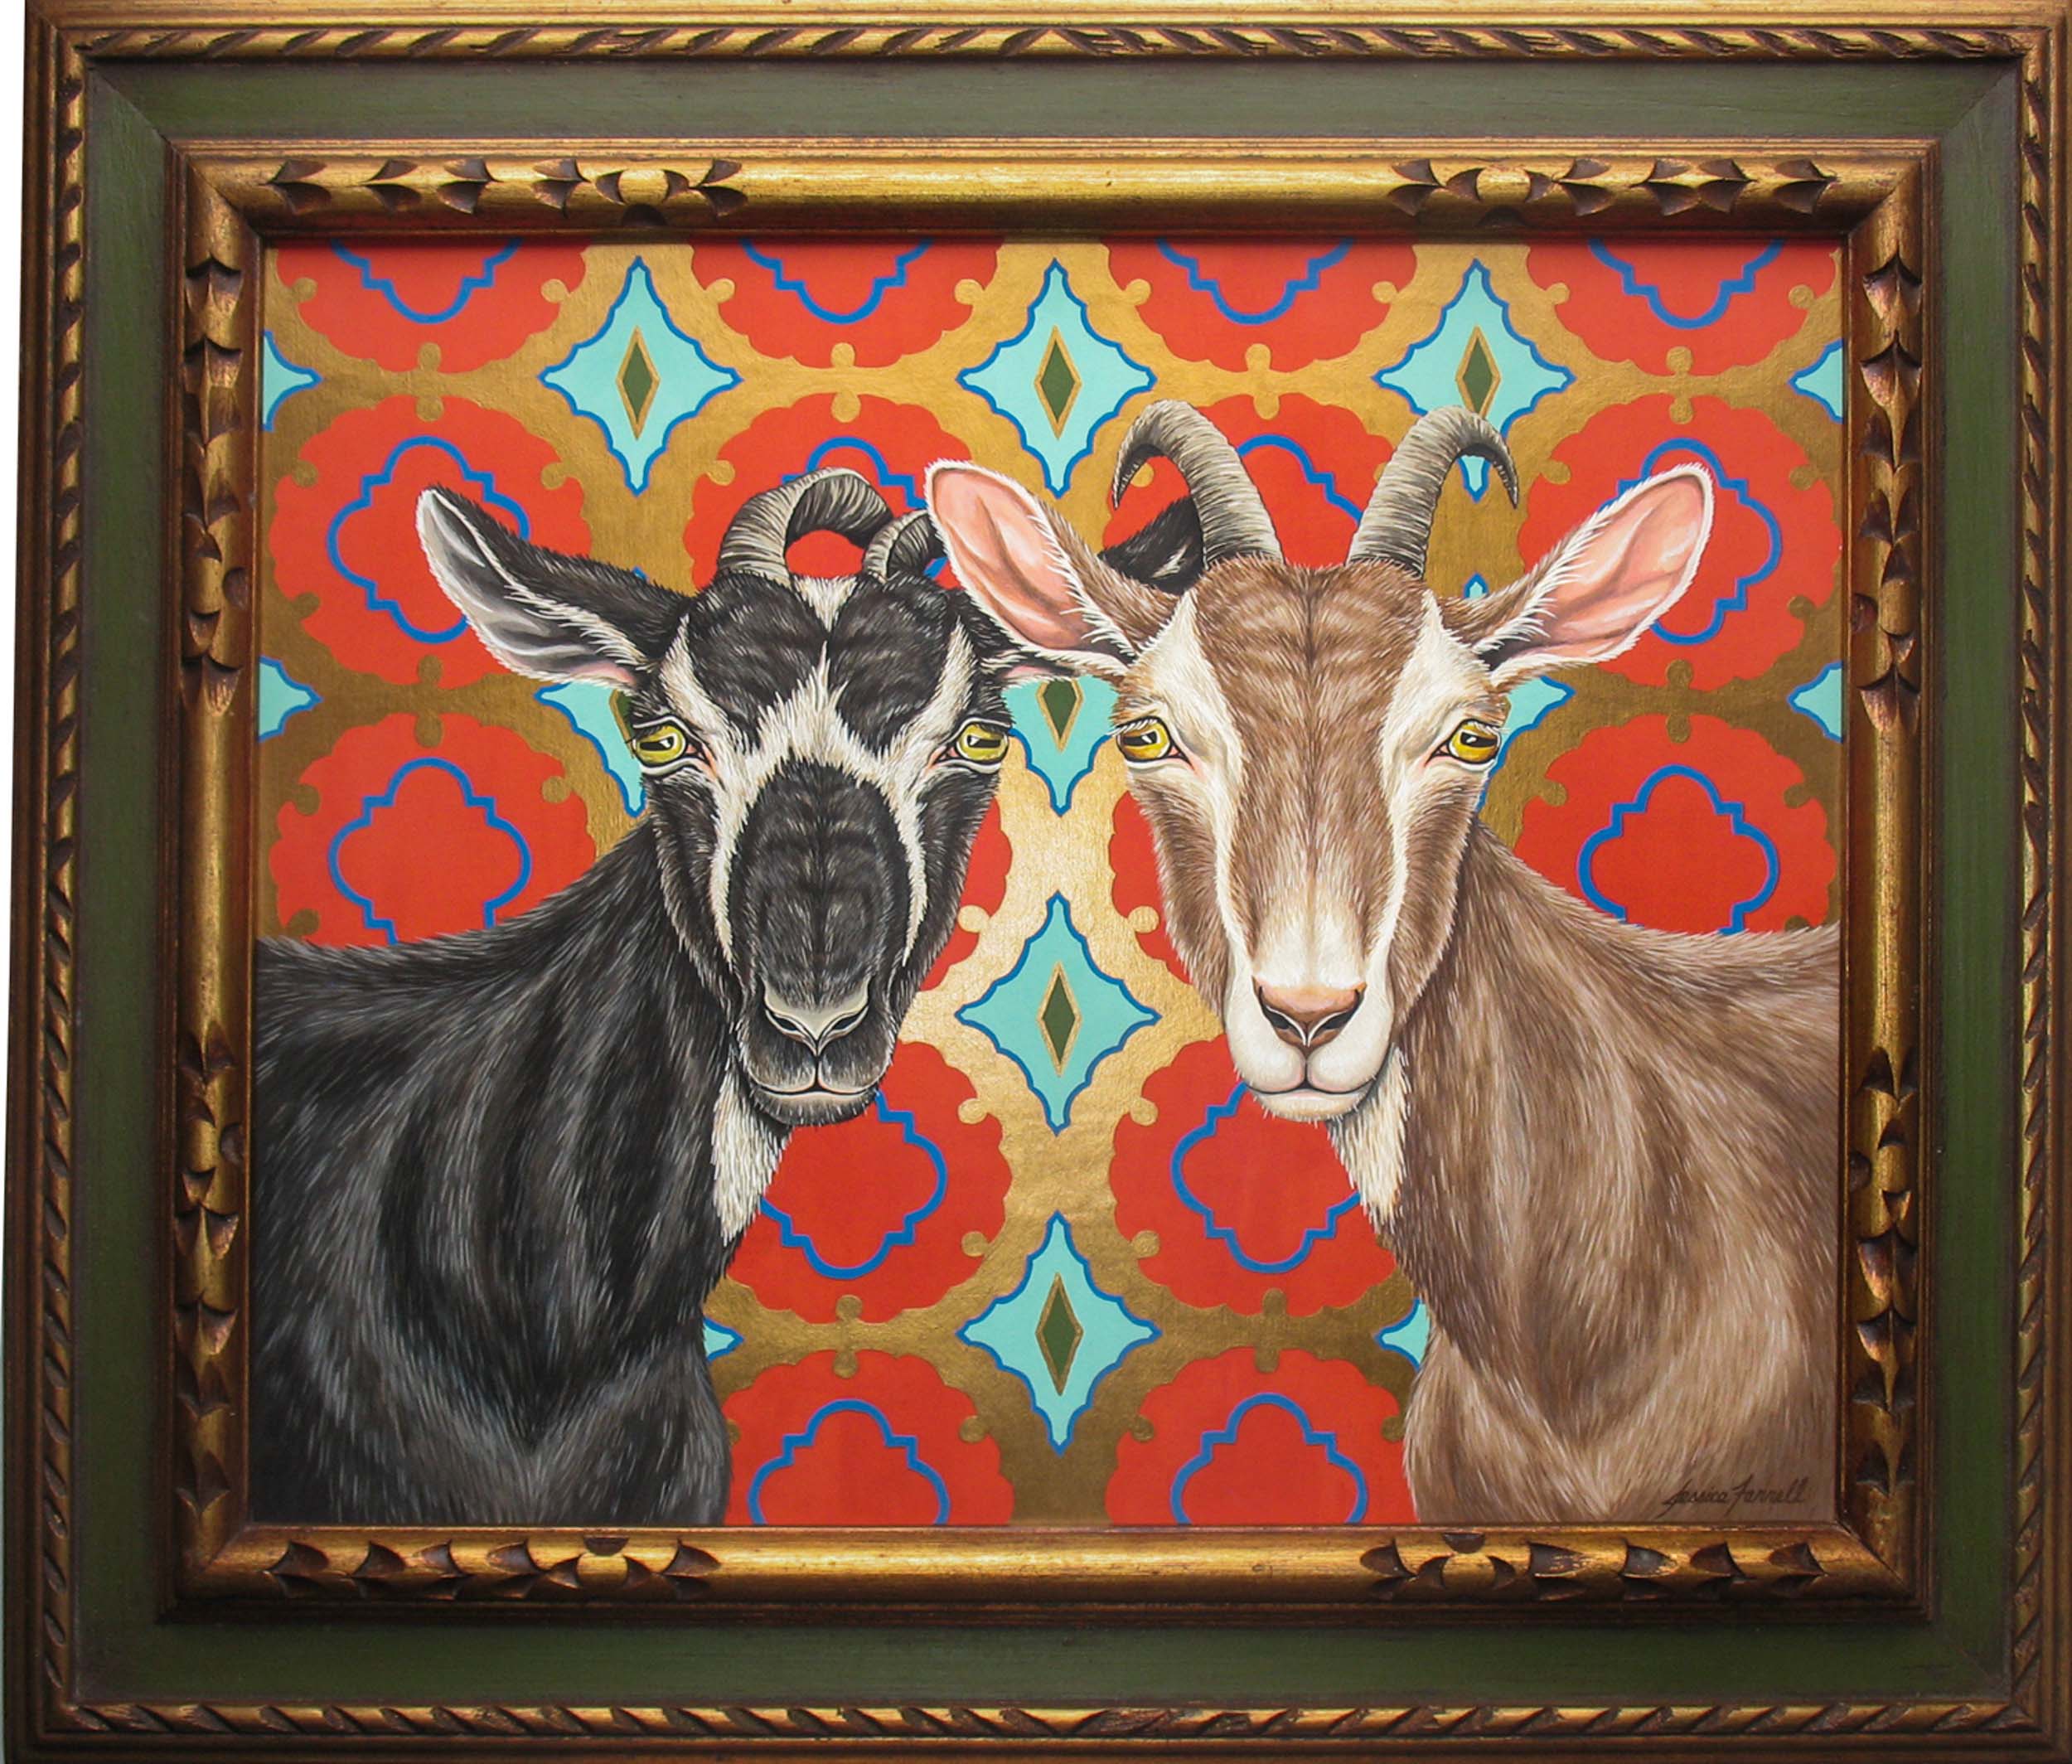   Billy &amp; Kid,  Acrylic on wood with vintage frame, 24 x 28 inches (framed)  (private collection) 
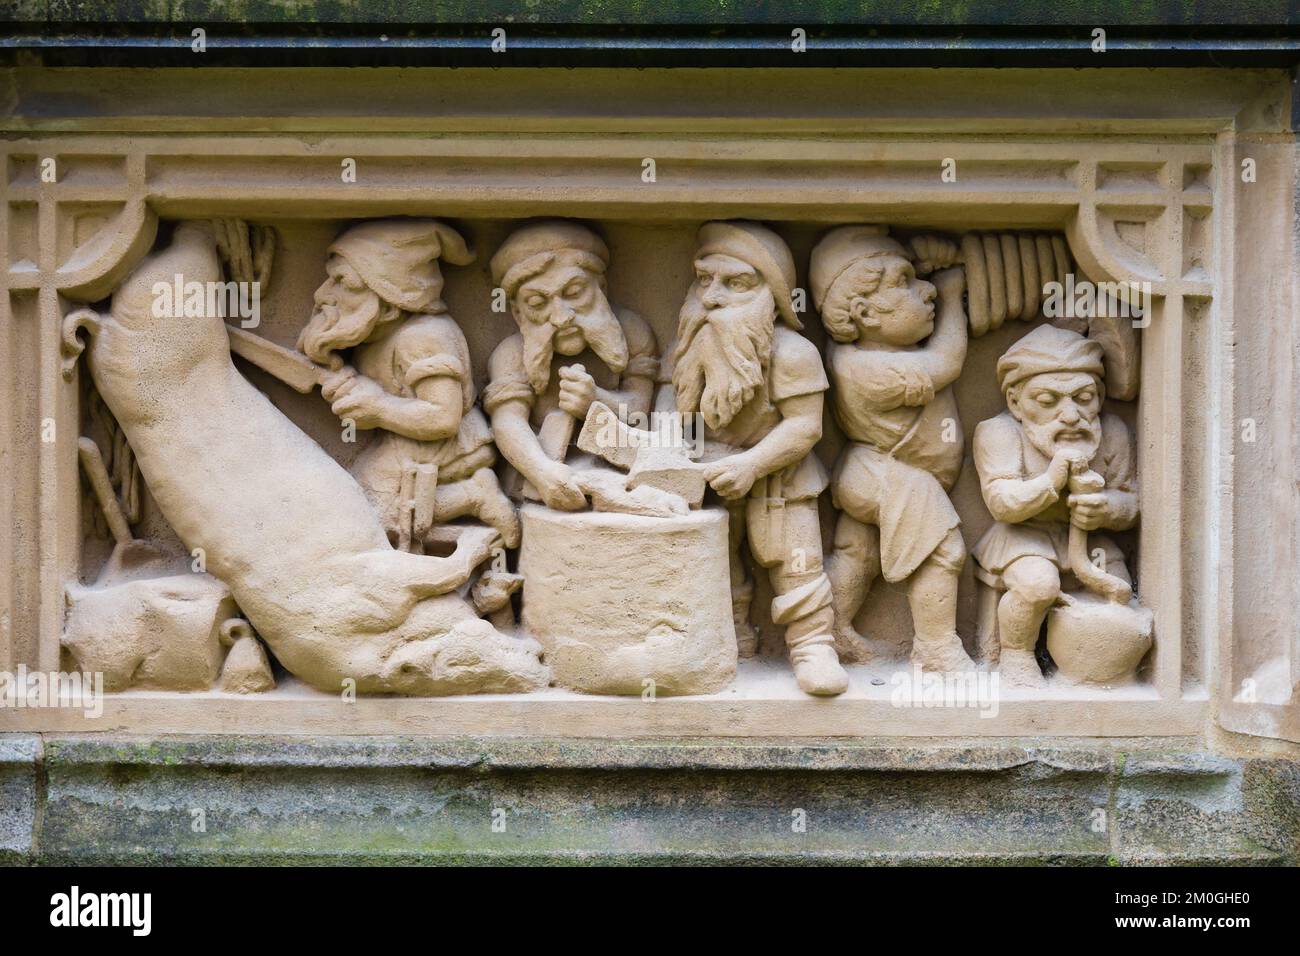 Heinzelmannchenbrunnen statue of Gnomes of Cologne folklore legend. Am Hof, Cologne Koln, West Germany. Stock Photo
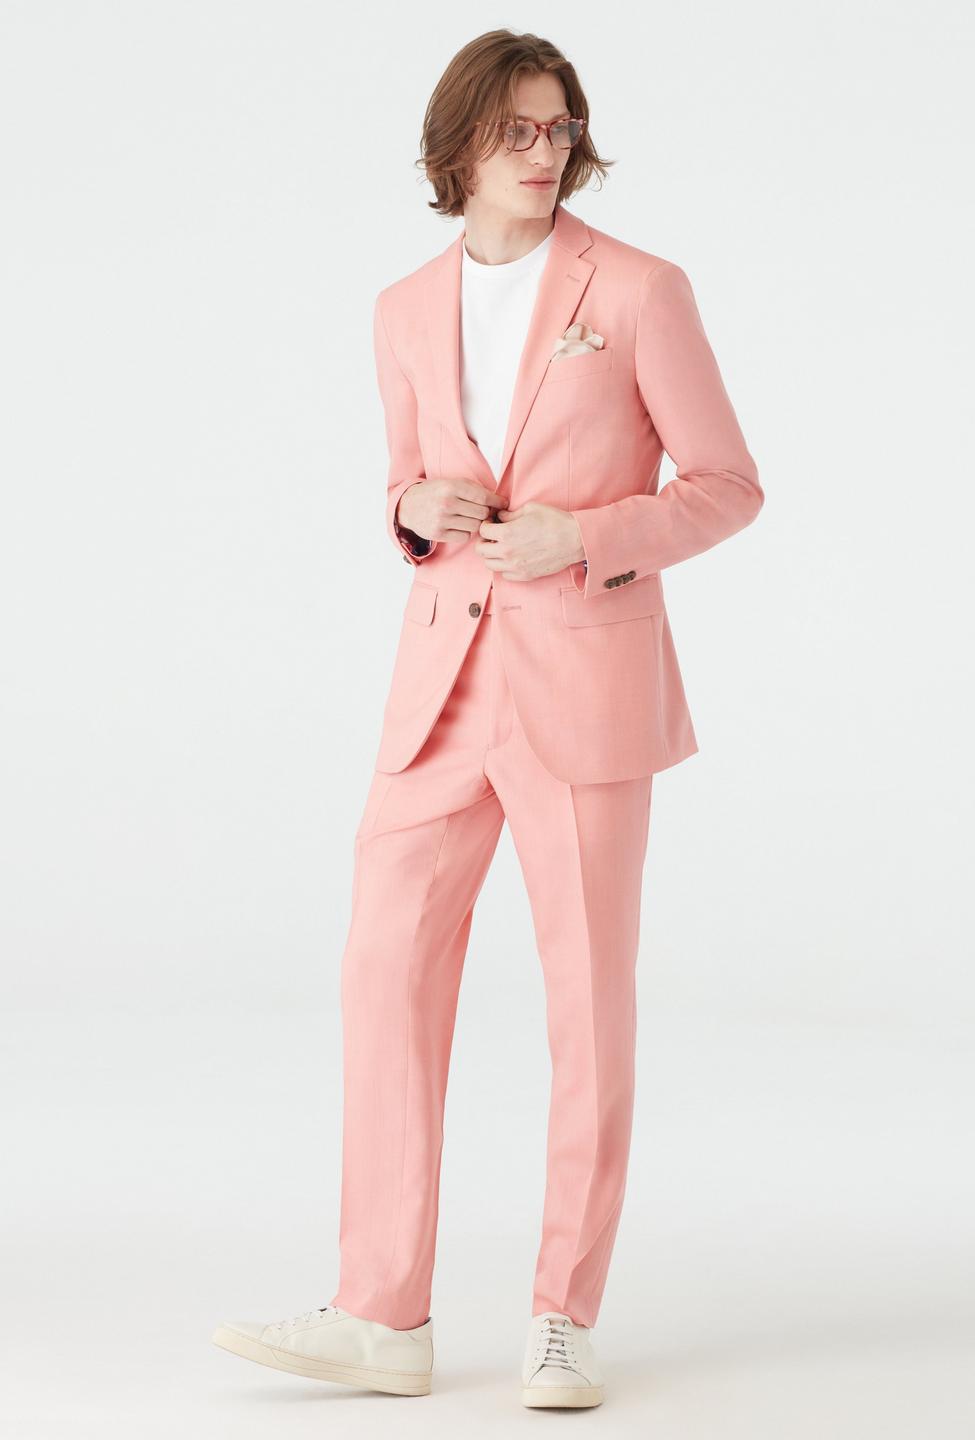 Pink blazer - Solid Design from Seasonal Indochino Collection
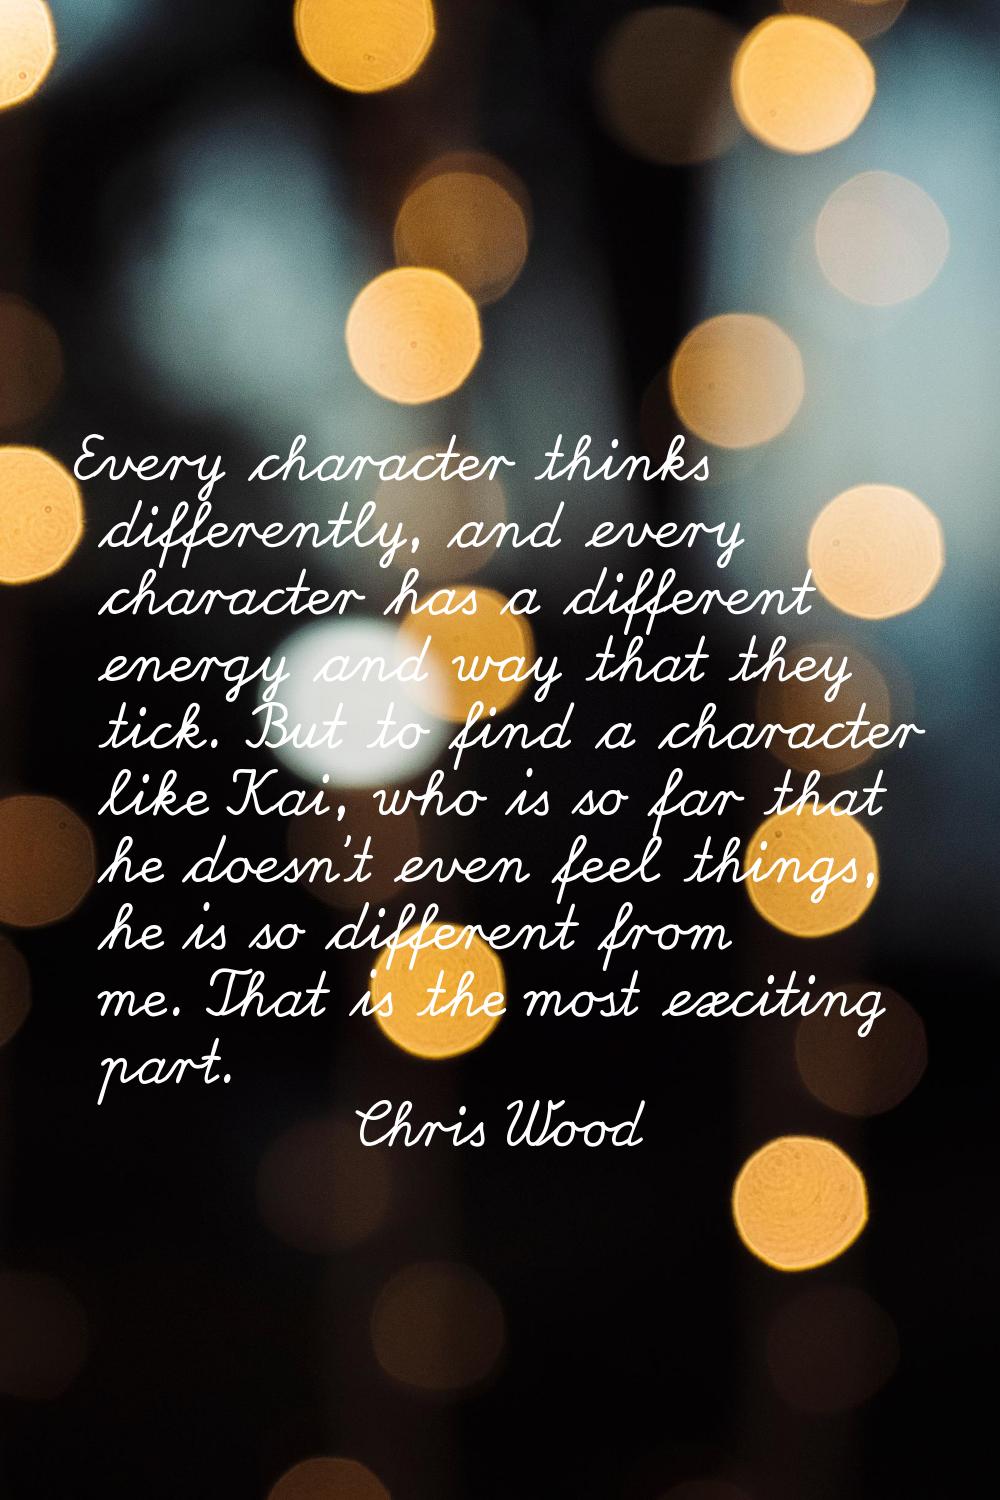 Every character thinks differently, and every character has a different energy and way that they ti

## DESCRIPTION OF THE TASK
Without the pictures, reproduce each line from the one containing "Pink blazer - Solid" through the last line of the material above, both of those lines included.

## REPLY TO THE EXERCISE
 Pink blazer - Solid Design from Seasonal Indochino Collection
 Every character thinks differently, and every character has a different energy and way that they ti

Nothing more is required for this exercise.